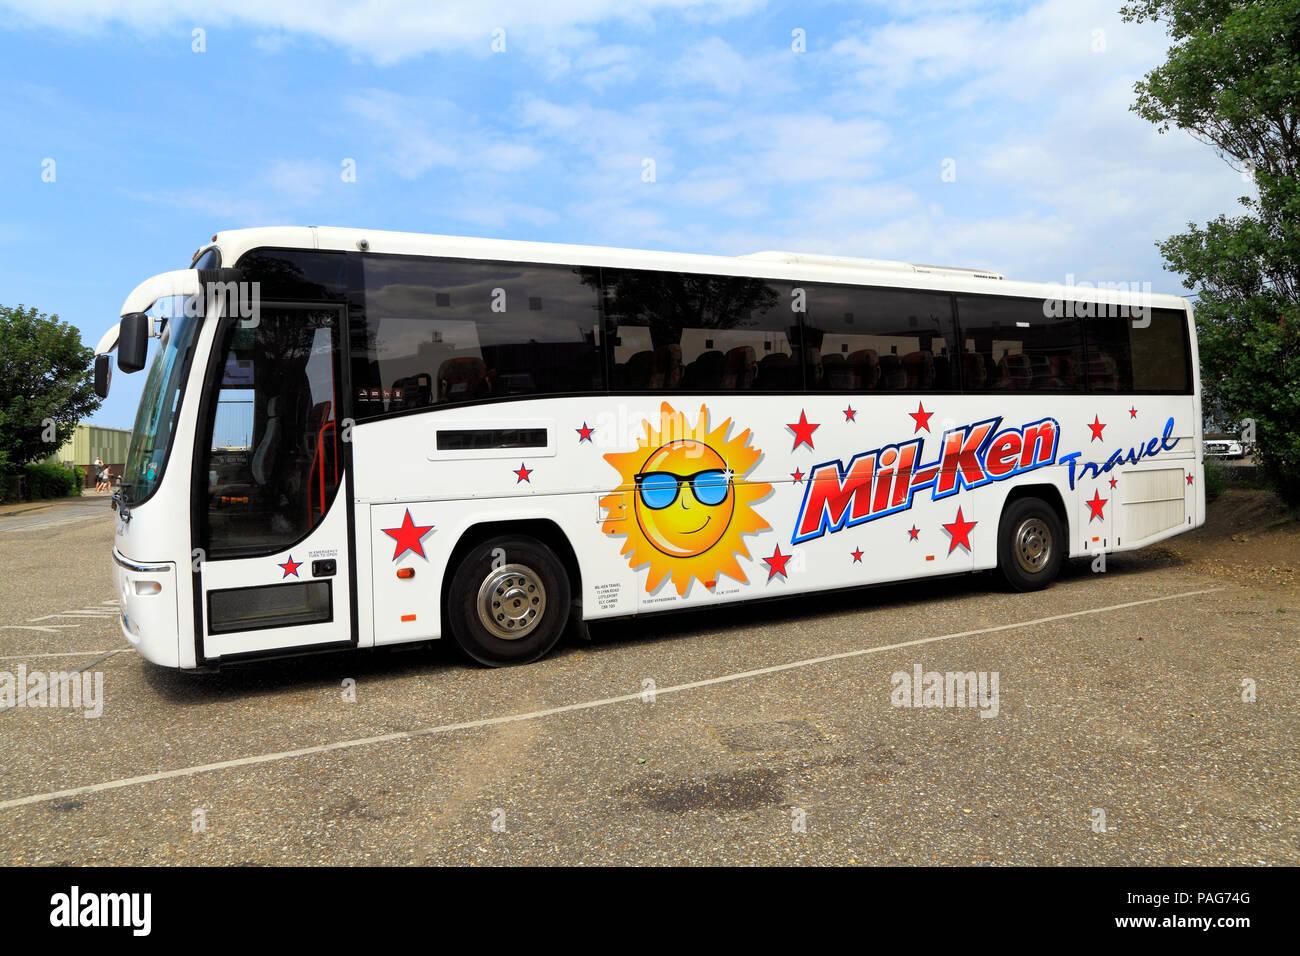 Mil-Ken, billet d'autocar, excursions, Littleport, España, maison de vacances, les entraîneurs, les voyages Photo Stock
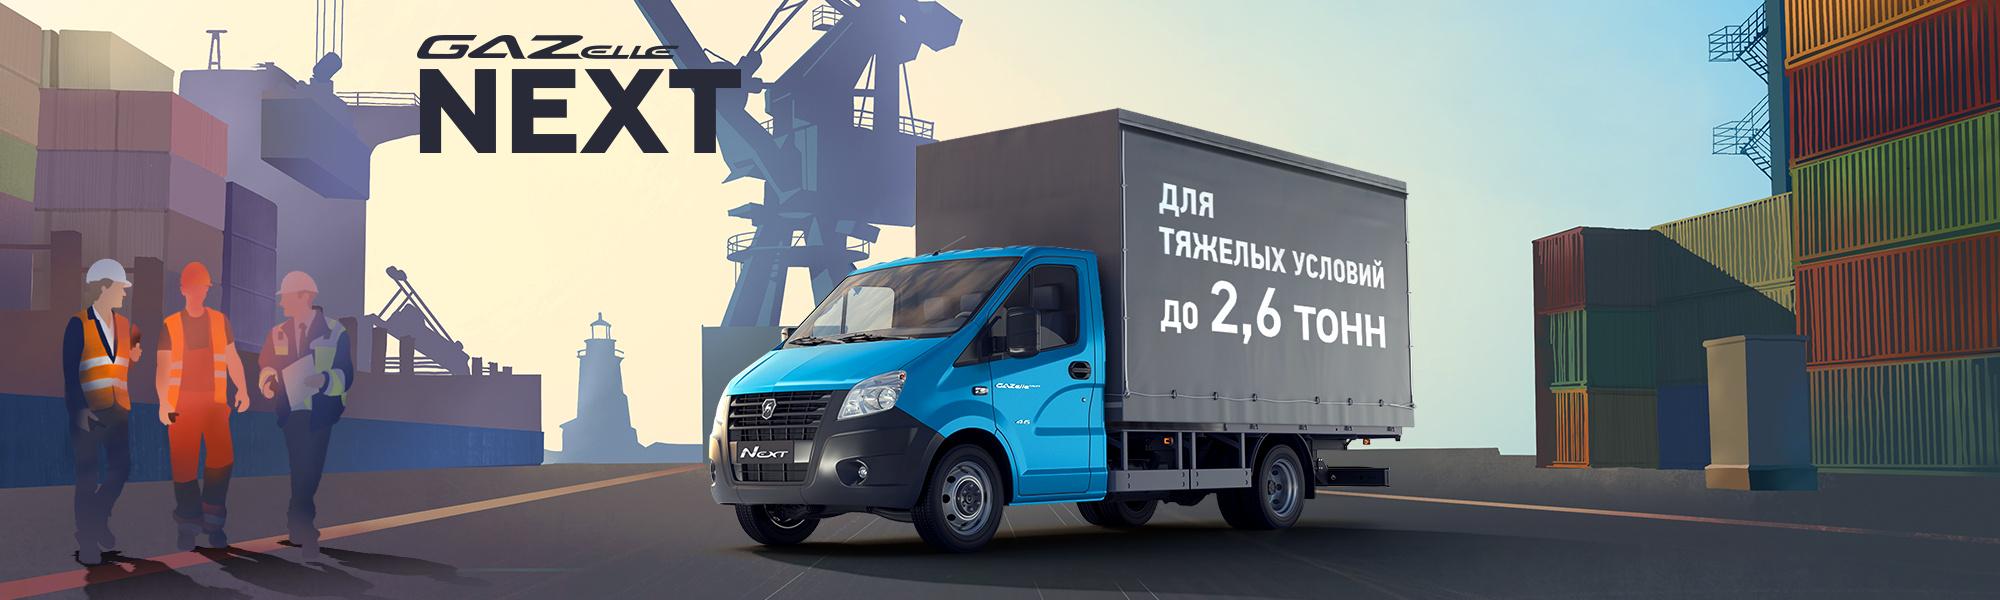 Спецпредложение Выгода до 313 000 ₽ при покупке ГАЗель Next Борт. Десктопное изображение
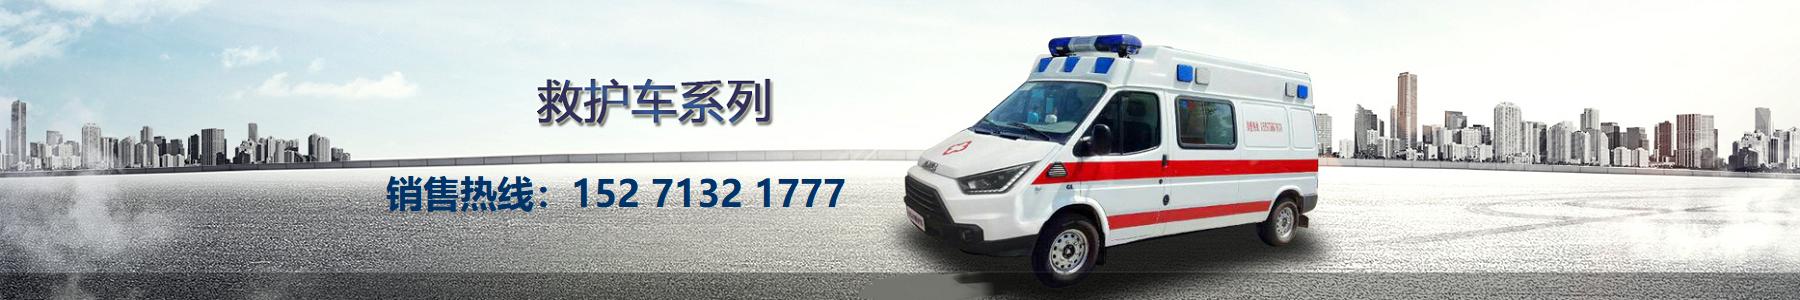 江铃救护车生产厂家15271321777

_WHAT IS EXPECTED_: All lines of the material above should be returned unchanged, but no pictures should be included.

_WRITTEN REPLY_:
 Mil-Ken, billet d'autocar, excursions, Littleport, España, maison de vacances, les entraîneurs, les voyages Photo Stock
 Спецпредложение Выгода до 313 000 ₽ при покупке ГАЗель Next Борт. Десктопное изображение
 江铃救护车生产厂家15271321777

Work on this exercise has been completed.